Zen follows on from and is hugely influenced by Taoist ideas — one idea being the essential importance of the vacuum, of empty space, of the possibility of limitlessness. Japanese art bears out this concept: the suggestive, half-finished nature of many Japanese pen-and-ink drawings invites us to fill in the emptiness with our own emotions and imaginings, to complete mentally the incomplete. And, pursuing the idea of the benefit and necessity of change, Okakura writes that the virility of life and art lay in its possibilities for growth.
For the Taoist the three jewels of life were Pity, Economy and Modesty, which appeals to me immensely. I also like the humility of this: Temper your own brightness to merge into the obscurity of others, though it's very much at odds with the prevailing me-me-me-ness and self-promotion of today's society.

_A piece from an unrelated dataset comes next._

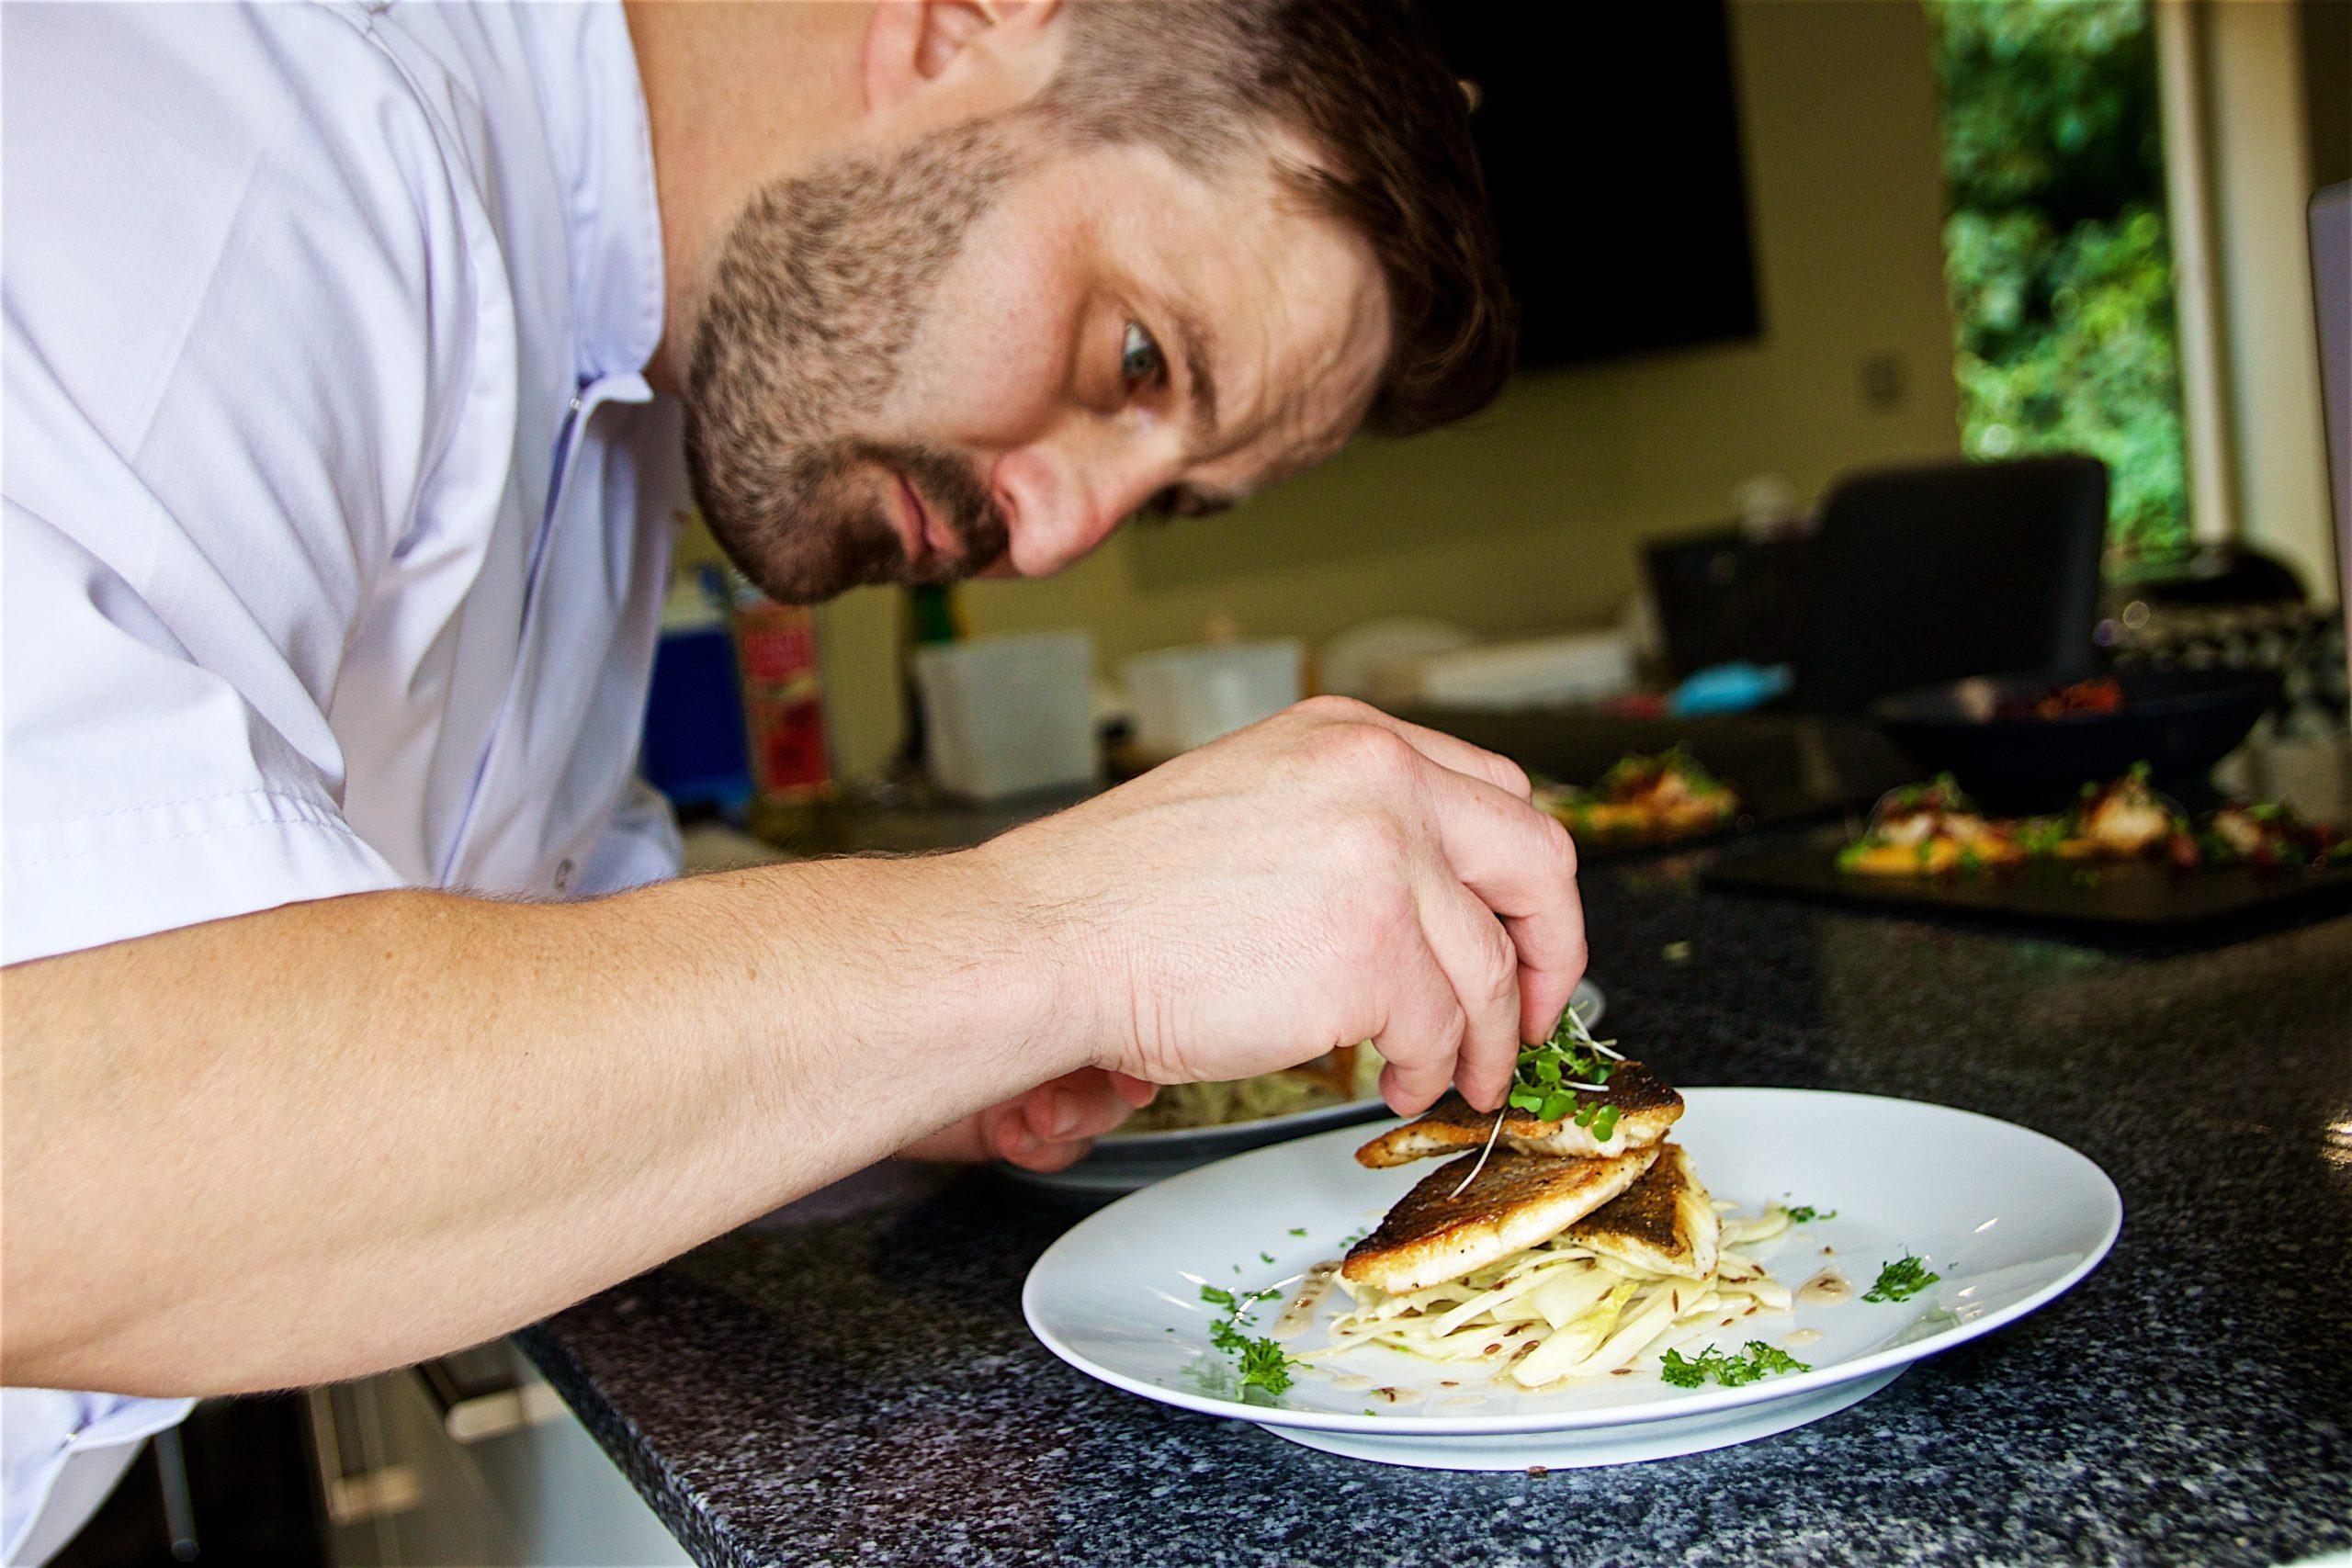 Bramble Dining, fine dining, Richard Bramble, chef

Finally, like Rilke, Okakura recognises the intimate and ever-present connection between dream and reality, between death-in-life and life-in-death: At birth you enter the realm of dreams only to awaken to reality at death.
7 comments:
Okay Walker, I am going to be a Taoist. Have to read more. I recently posted a picture of a turn of the century tea basket sold in a mercantile in Kansas. About an 8 ounce size. it once held green tea grown in Japan, traveled over the ocean and up the mighty Mississippi River to Kansas. It had a pencil mark of 35 cents, which would have been expensive back then.
Intrigued ...
An enlightening post, Robert. Also a bit of serendipity for me, as I am currently reading two books that are closely connected with these themes — THE PATH: WHAT CHINESE PHILOSOPHERS CAN TEACH US ABOUT THE GOOD LIFE, by Michael Puett and Christine Gross-Loh, and THE WAY OF THE SMALL, by Michael Gellert.

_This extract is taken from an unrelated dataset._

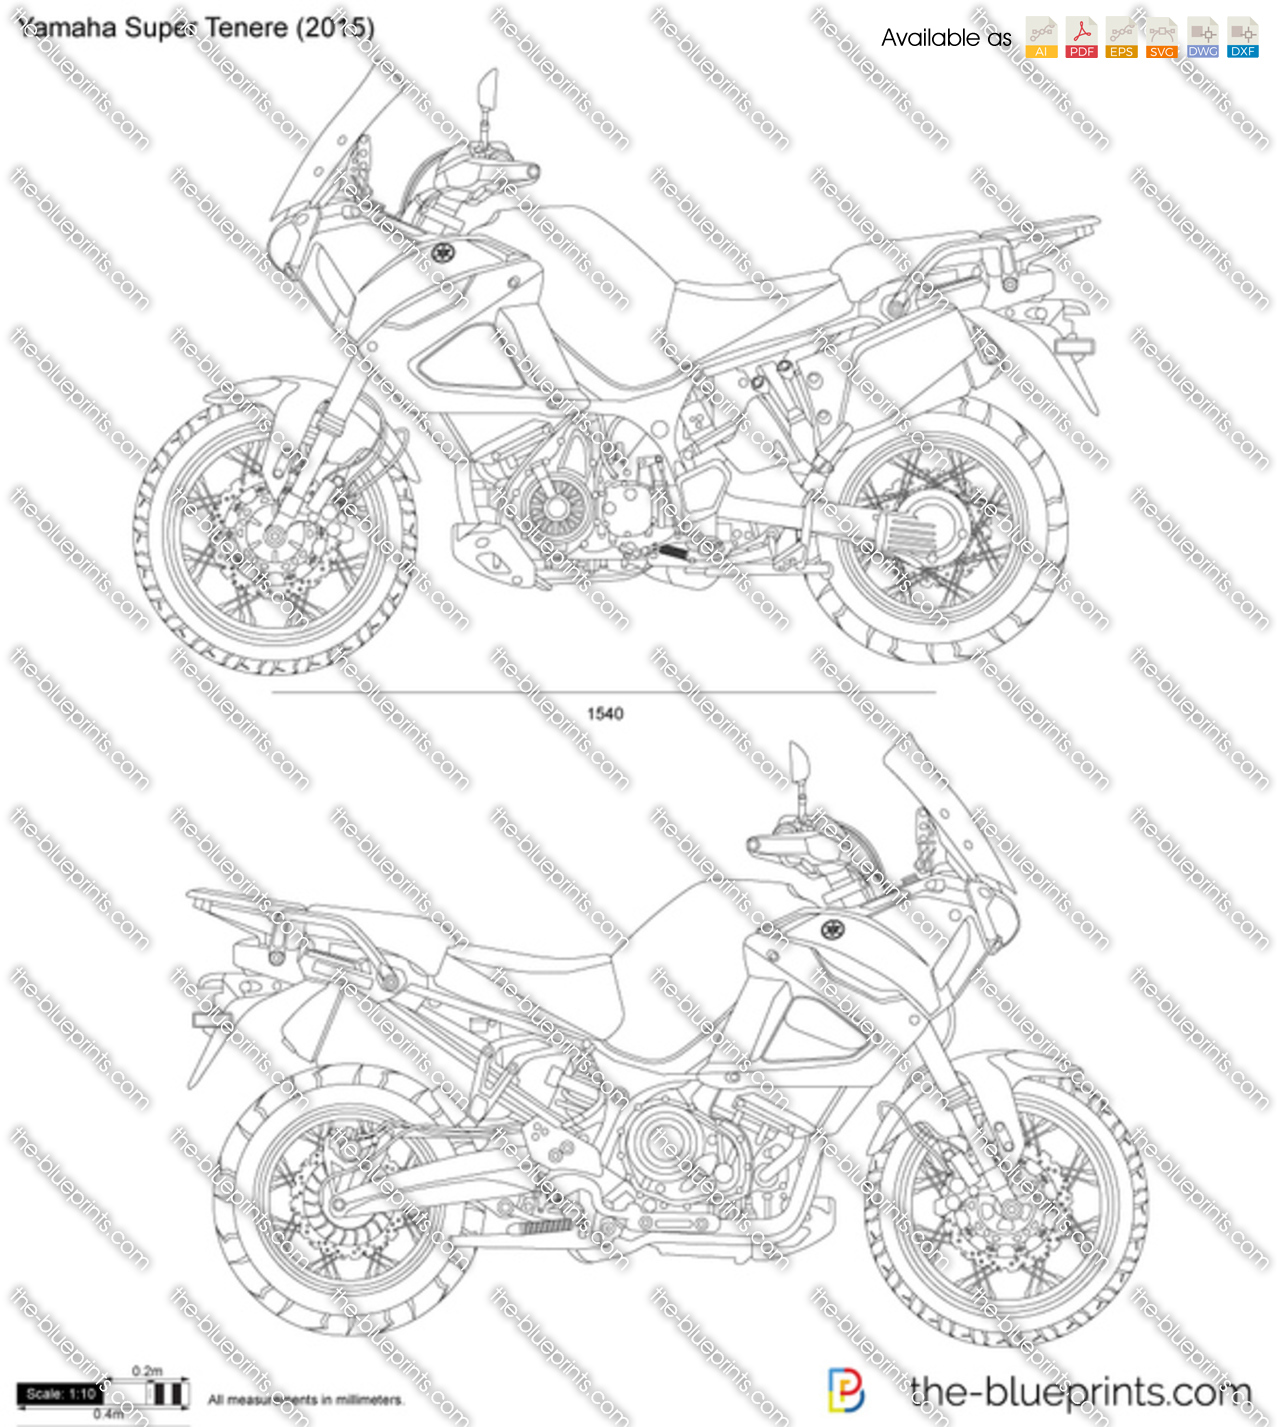 Yamaha Super Tenere 2016

Pity, economy and modesty - I can understand the latter two but the former? Need to investigate how Taoism defines pity.
Thanks for all these comments. I'm taking 'pity' to mean empathy with human suffering, Amanda.
So which is the dream and which reality? Are you Robert dreaming of being the butterfly, or the butterfly dreaming of being Robert?
I have been pondering on and delighting in your koan for several days now, Nick.